=== Section Start ===
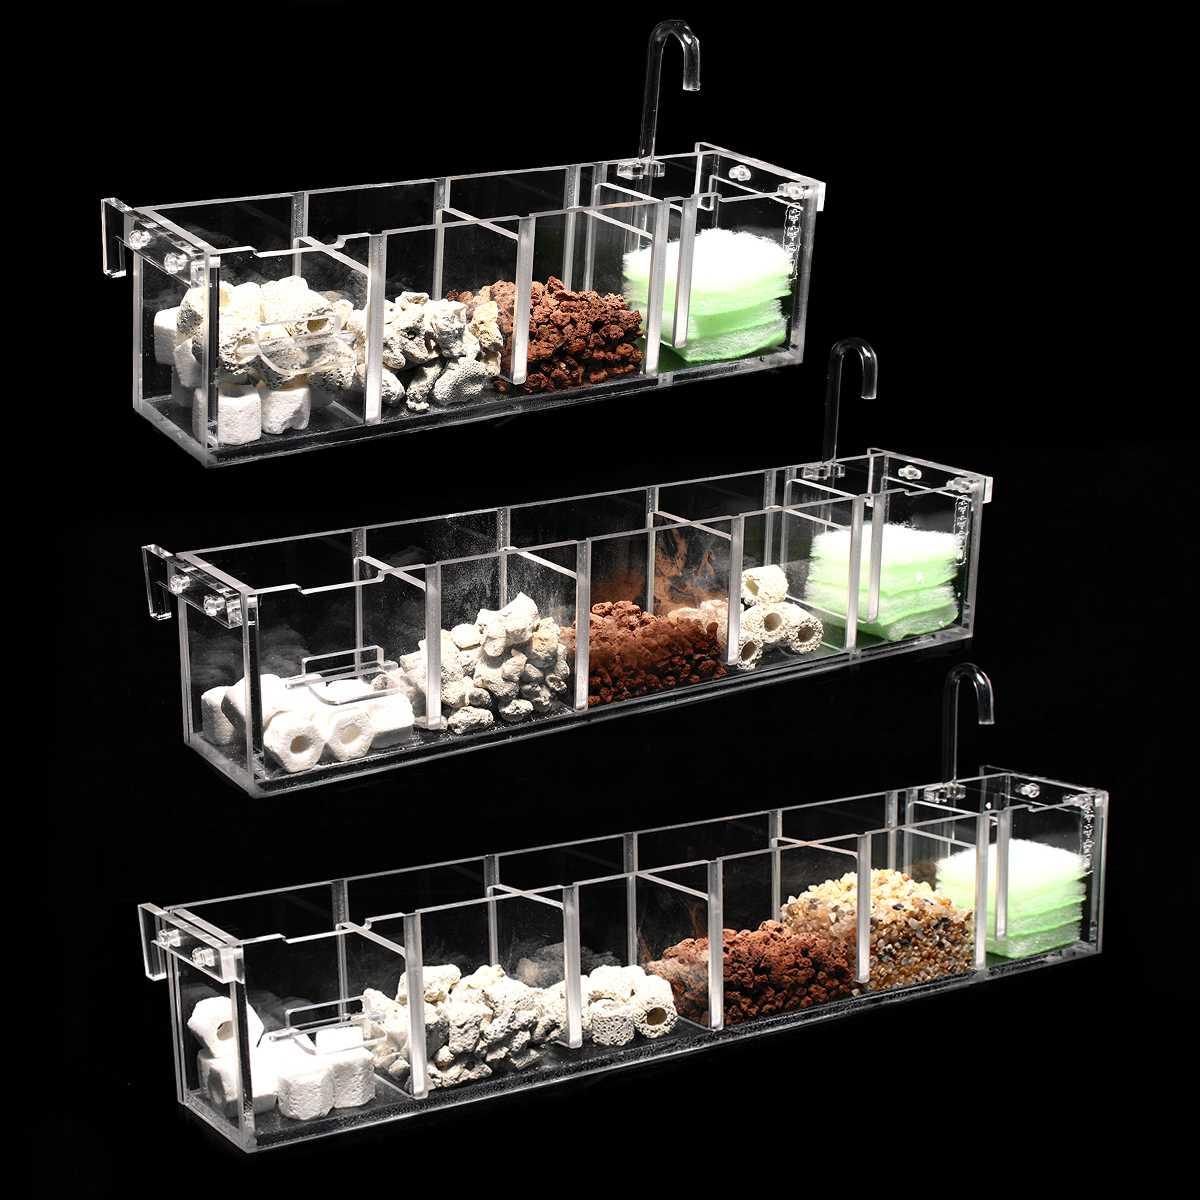 2-6 Grids Fish Tank Aquarium Filter Box Acrylic External Hanging Water Purifier Aquatic Pet Cage Increase Oxygen Filter Supplies
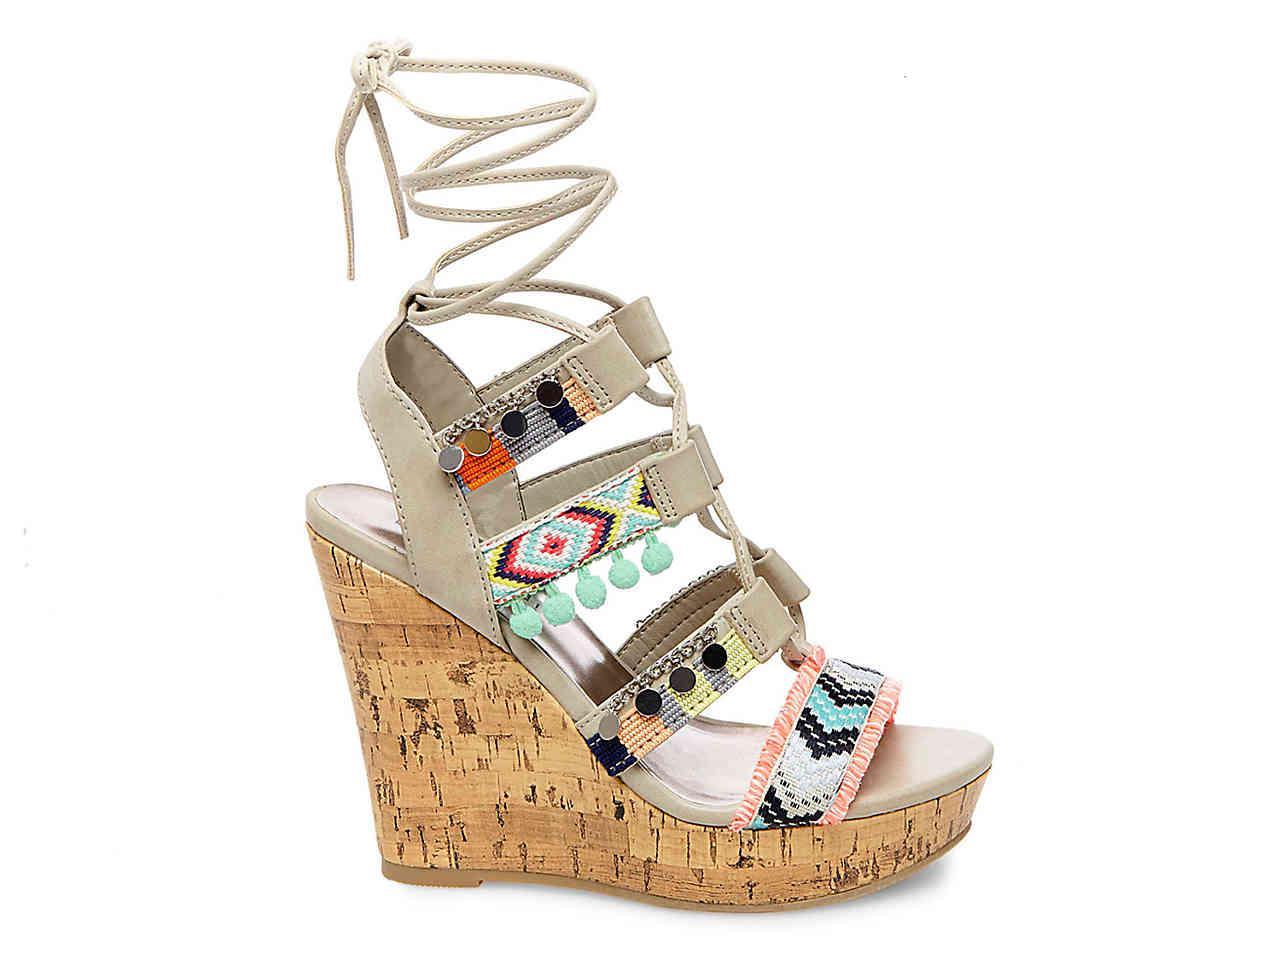 Madden Girl Indie Wedge Sandal - Lyst
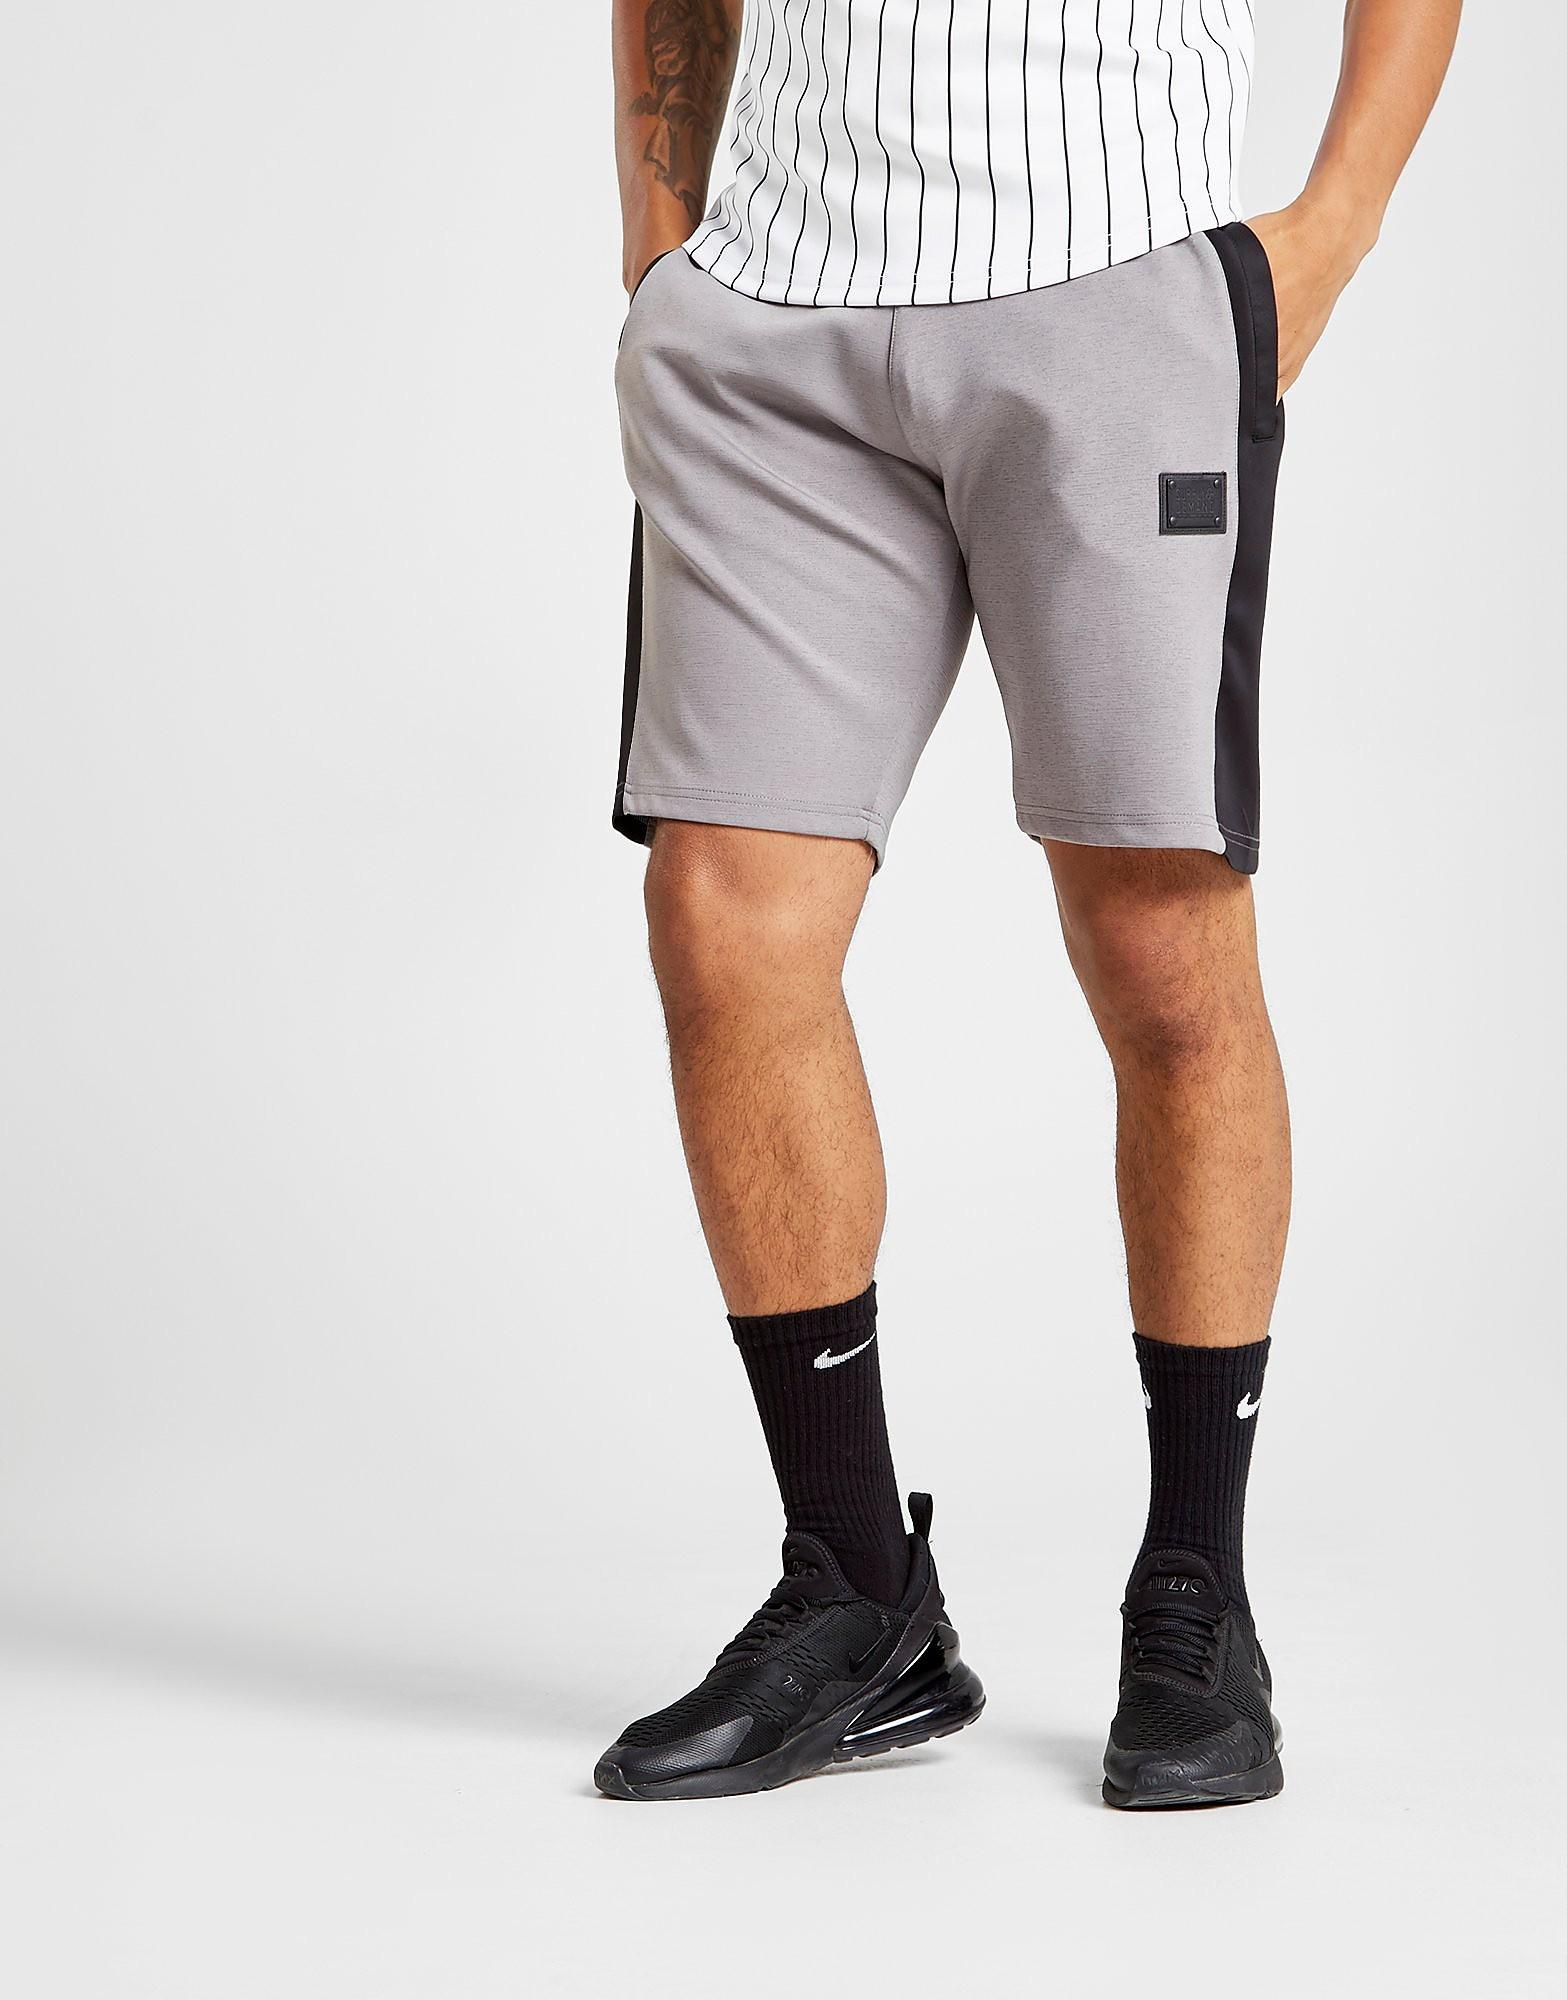 Supply & Demand pantalón corto Slide
=== Section End ===
**YOUR ASSIGNMENT:**
Copy the data exactly. Pictures do not belong in the copy.

**RESPONSE TO THE TASK:**
 2-6 Grids Fish Tank Aquarium Filter Box Acrylic External Hanging Water Purifier Aquatic Pet Cage Increase Oxygen Filter Supplies
 Madden Girl Indie Wedge Sandal - Lyst
 Supply & Demand pantalón corto Slide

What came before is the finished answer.